День угасал, когда Ася и Симагин свернули в лес. Снежная крупа тонким слоем припорошила песок и хвою на открытых местах; под огромными елями угрюмо темнели неукрытые бурые пятна. Розовый отсвет неудержимо таял, воздух заполняли прозрачная синяя мгла и тихая печаль не то умирания, не то освобождения. Здесь, вдали от плоского шелестящего простора было потусторонне тихо, и Асе взгрустнулось; Симагин, чувствуя себя виноватым за все, начал придуриваться, как умел, смешить, пытался залезть на дерево, затеял игру в снежки... а стих сложился сам собой после того, как Ася влепила ему нашпигованным песчинками и хвоинками снежком в аккуратно и якобы невзначай подставленную филейную часть.

Возвращались, почти не разговаривая, и были так всеобъемлюще, так по-зимнему нежны друг с другом, что в тот вечер Симагин смог взять ее.

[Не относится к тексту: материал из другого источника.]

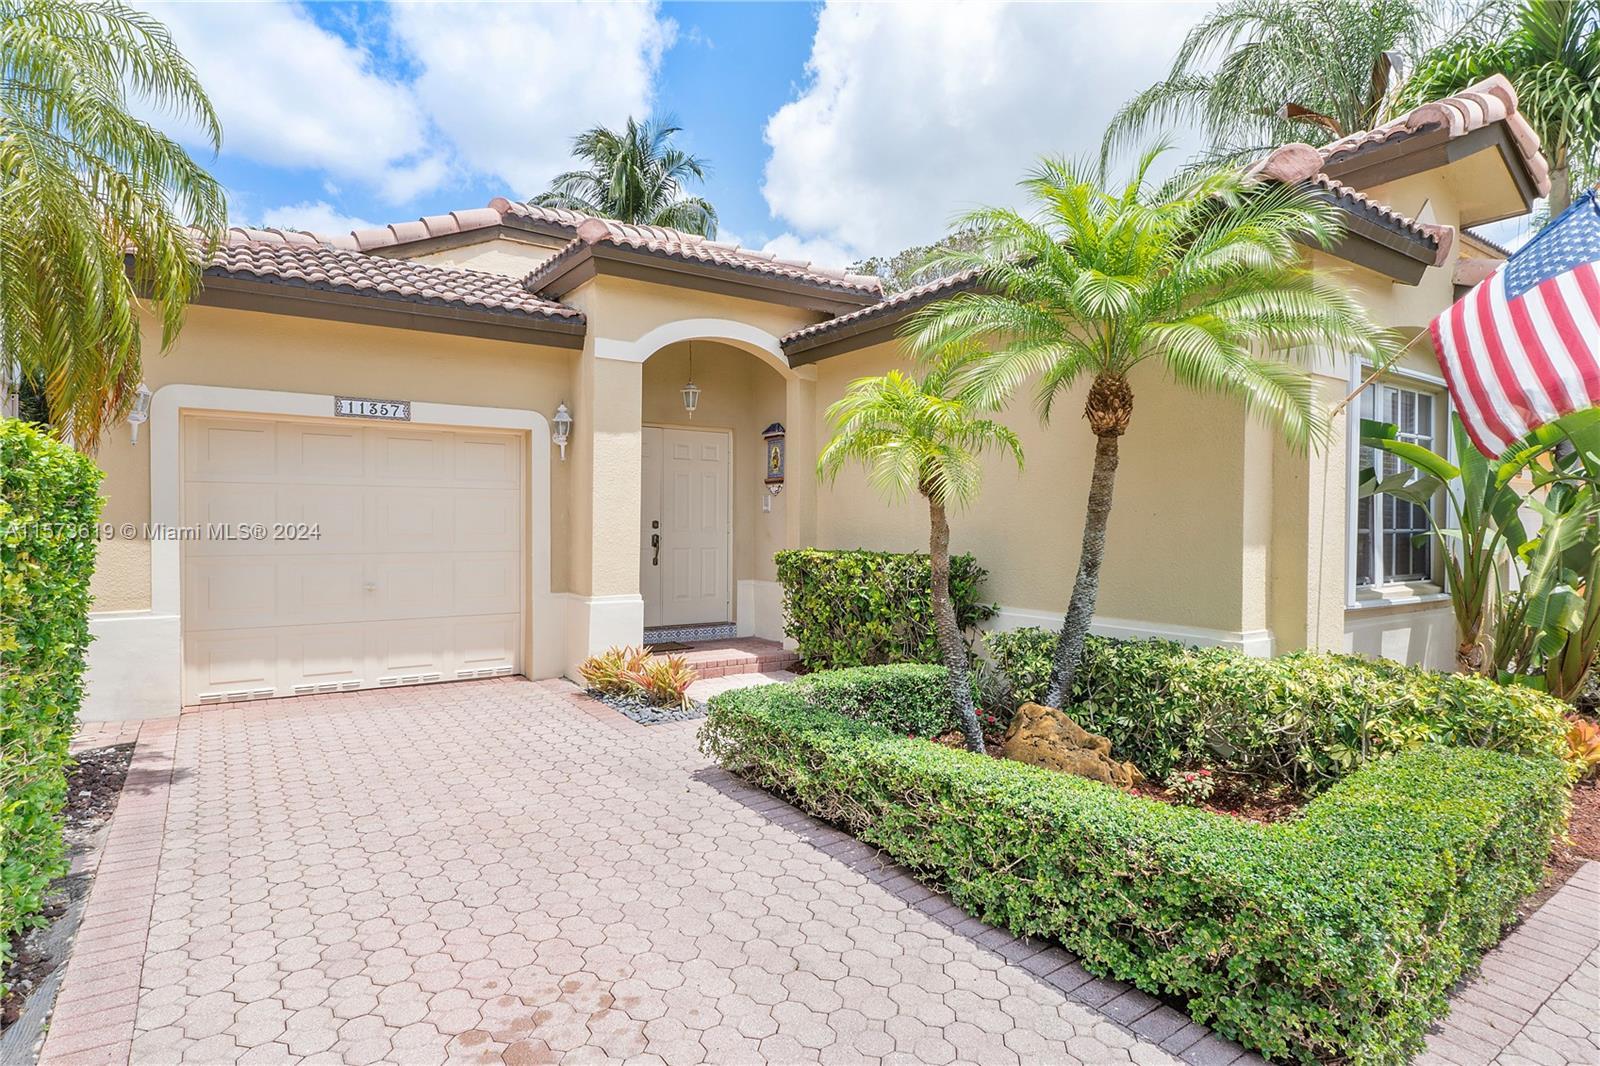 Come and see this beautifully maintained highly sought after home in Doral Landings East.  This home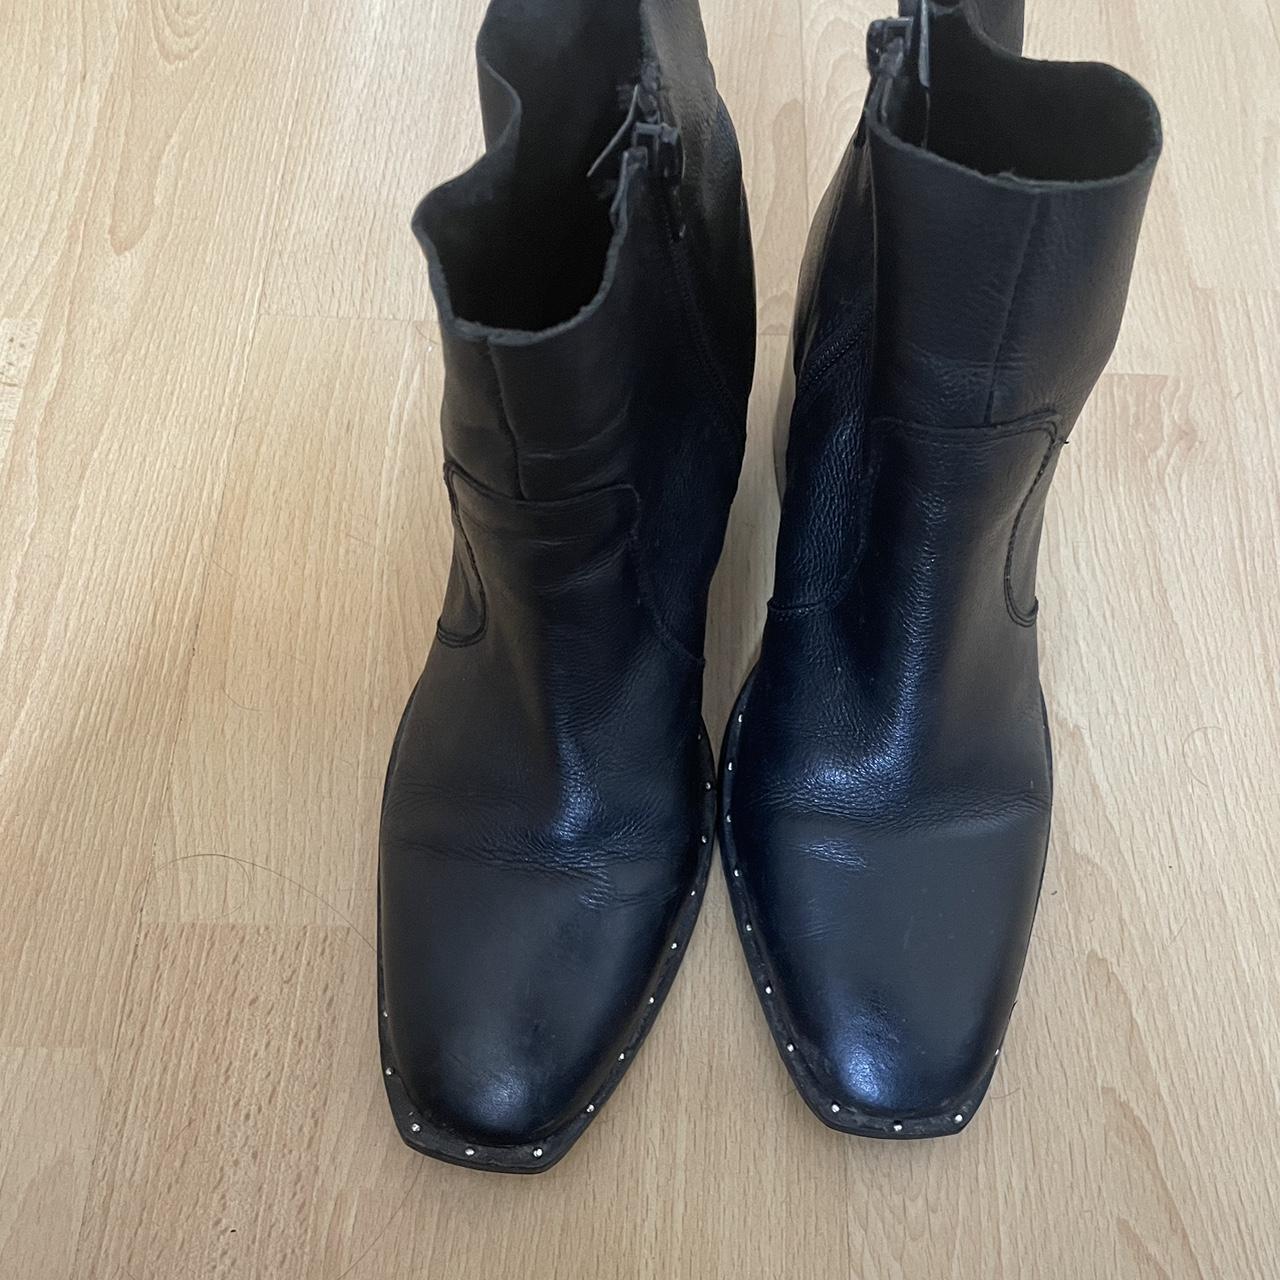 ASOS Size 6 black boots Worn in good condition - Depop

Вспоминая и улыбаясь, он заснул.


Она некоторое время сидела, не двигаясь, и коротко взглядывала на его мальчишескую спину с выпирающими лопатками и позвонками. Смотреть было нельзя – он хоть и отвернулся, но спал невыносимо чутко. А ей нравилось смотреть. Очень осторожно она легла и укрылась. Как сегодня чудесно. Даю счастье. Никто так не может, одна я. Был хмурый, усталый. И вот засверкал. Ей хотелось еще прильнуть, почувствовать кожу кожей. Он спал. Как он выматывается. Как он красиво спит. Хочу все время быть женщиной. Не просто человеком, который заботливо маячит рядом, – желанной. Всеми желанными. Хочу, чтобы Вербицкий больше не приходил.

Она уснула, и ей снилась радуга. Ася скользила между ее неощутимыми, туманными слоями, сама бесплотная и невесомая, как воздух, и ей казалось, что в детстве она уже бывала здесь, да позабыла дорогу – а теперь нашла и останется уже навсегда среди праздничного великолепия и тишины, тишины...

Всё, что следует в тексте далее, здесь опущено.